• To Sleep Inside

    For nearly thirty days Tommy lived in the little camp trailer that Valerie and Justin had loaned him. It sat on their ranch, the Double Cross-U with no running water or electricity.

    Daily he mustered all his energy to get up in the chill of the autumn air and walk the two dozen or so yards to the ranch house for a shower and shave. It became his routine in order to get to work on time.

    It was a struggle because depression had a strangle hold on his life. Mary refused to speak to him except in little spurts to say return his check book or credit card, and nightly he laid down and cried himself to sleep feeling the loneliness creeping up around him. This was mixed with intermitten drinking jags that lasted past midnight.

    Tommy was certain that God was punishing him for every last sin he had committed.

    One morning as he was heading in on the hour long drive to Reno he noticed that the thermometer was red lined on his car. He was in the process of passing an eighteen wheeler when the radiator exploded sending heated fluid up through the cracks of the hood and onto the windshield.

    The little vehicle shuttered violently as Tommy struggled for control. Behind him was a white Ford pick up to the right the semi and on his left a concrete retaining wall. Some how he managed to guide the car in behind the large semi truck and find the only turn off available. The car ground to a halt.

    The radiator cap and the valve it was attached to had sheered off and both were imbedded in the plastic liner in front of the driver’s seat. Had they fully penetrated the wall it would have been a death sentence.

    Out of frustration Tommy sat down by the side of his car and started to cry. After gaining control of his emotions somewhat he decided to use his cell phone to call work. His frustration mounted again when he discovered that there was no signal to use for a cellular call.

    Again Tommy found himself out of control, angry and crying. He sat quietly for a long time contemplating just hiding into the high dessert before him and never looking back. Then the thought of his son took a hold of his senses.

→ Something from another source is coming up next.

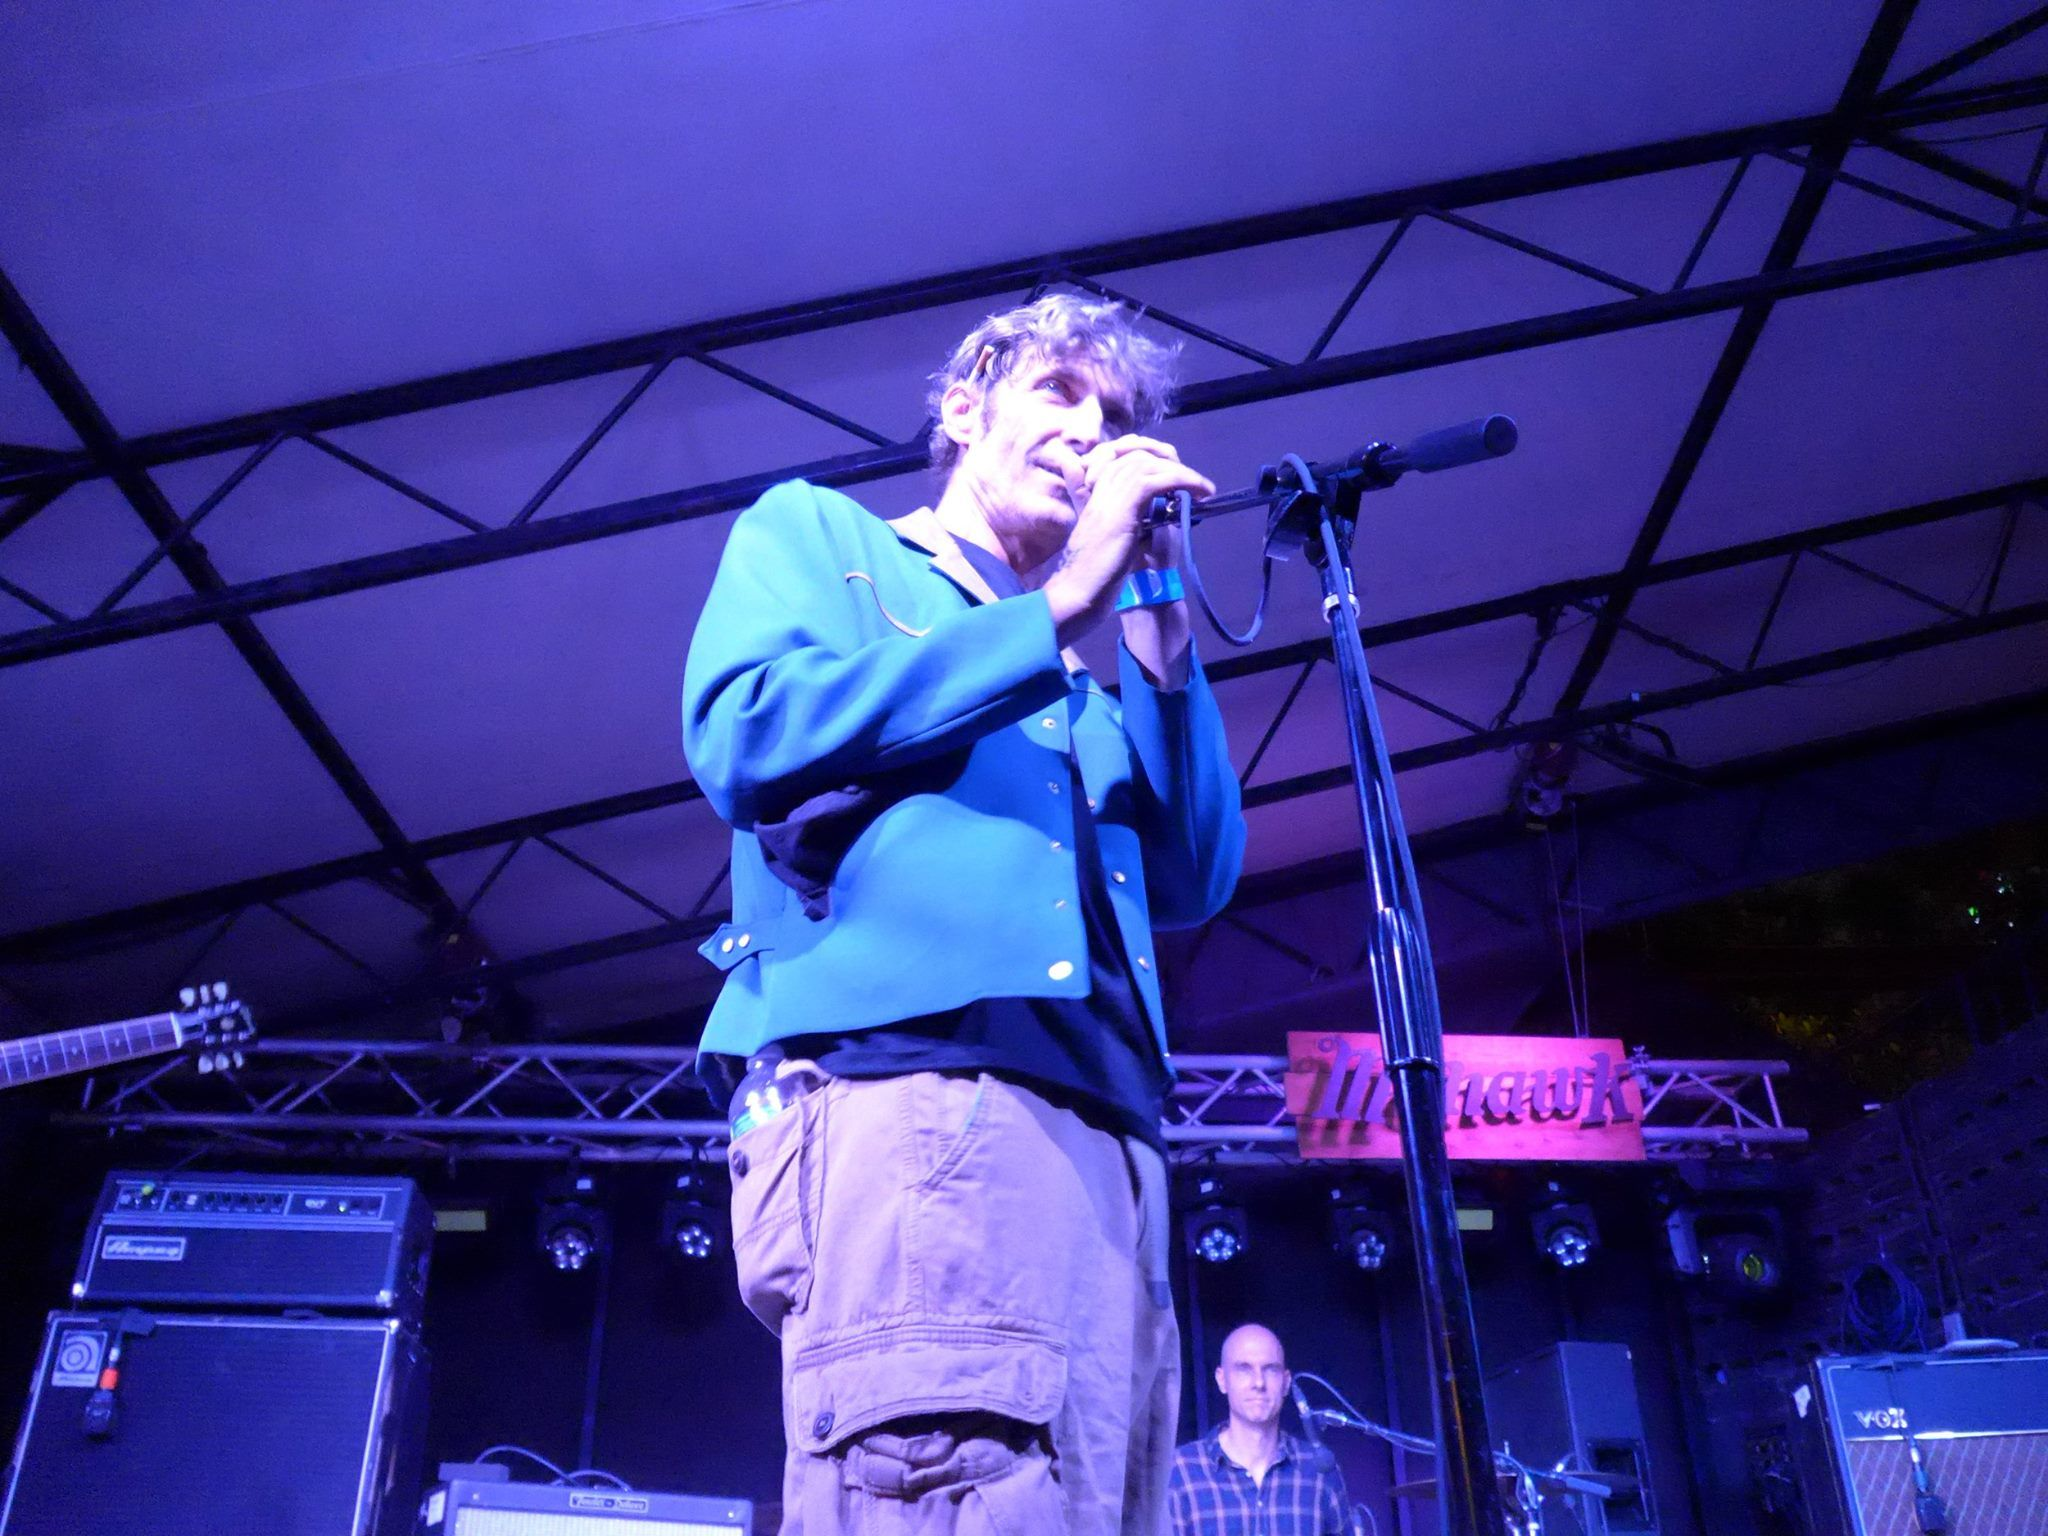 Terry Tolkin introducing Luna in Austin (Photo: Joakim)
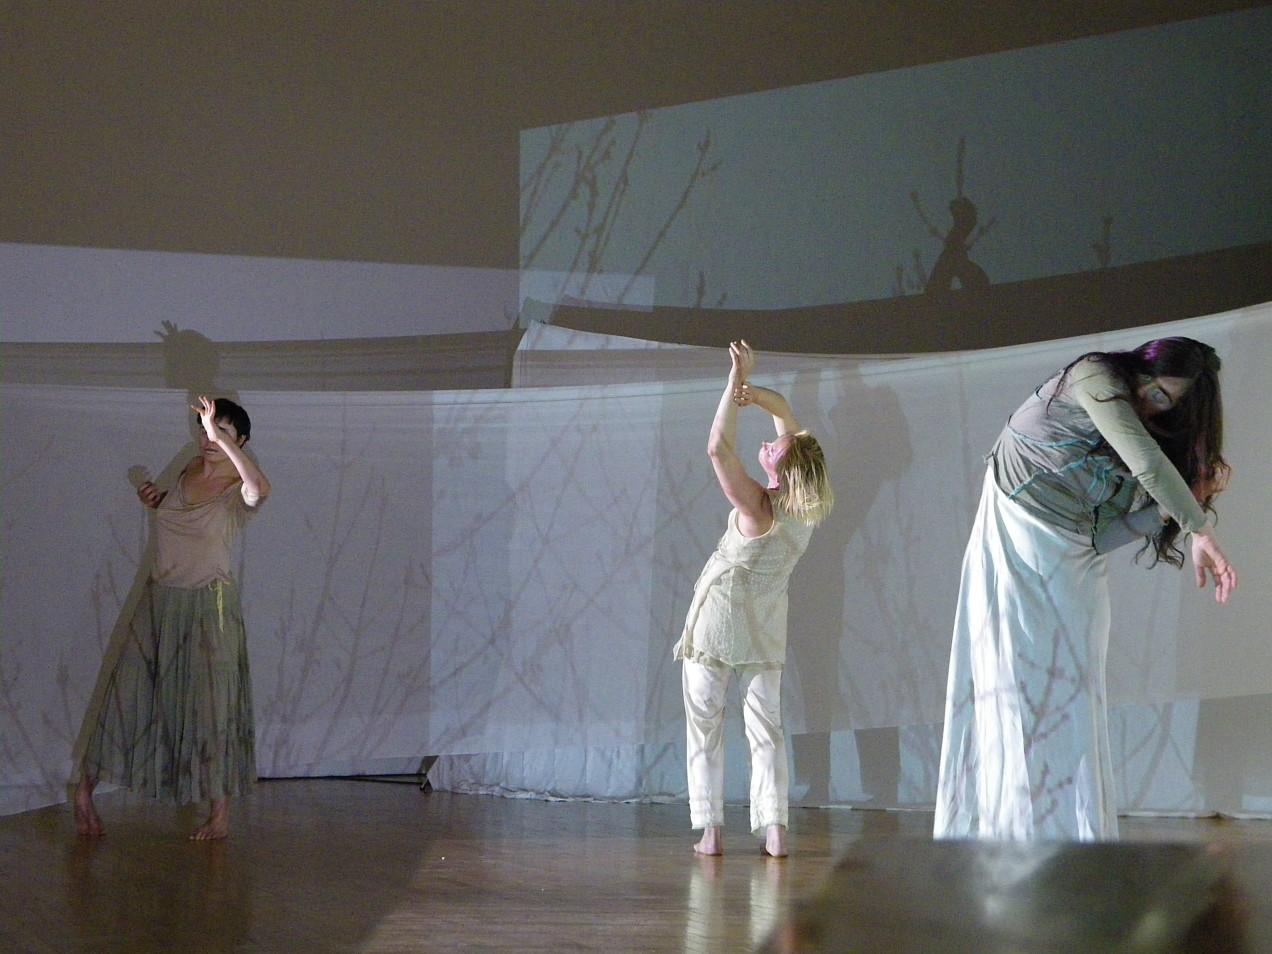 Mariam Ghani, Variations on a Haunted Wood, Erin Ellen Kelly, 2009, Queens Museum of Art

    Instead of walking off into the dessert he started down the interstate towards Sparks.

    His poor luck continued because when he reached the Mustang junction he was told that the telephone service had been interrupted since early that morning. And still his cell phone refused to pick up a signal. After a seven mile walk he was finally able to call work and get a tow truck to pick up his disabled car for repair.

    That day his boss put him on verbal notice to either straighten up or he would be let go. God’s punishment continued.

    The following weekend was the cross state rivalry of the University of Nevada Reno and the University of Nevada Las Vegas. Each year these two school battle it out for the ownership of the Fremont Cannon. This year the match would be fought in Reno.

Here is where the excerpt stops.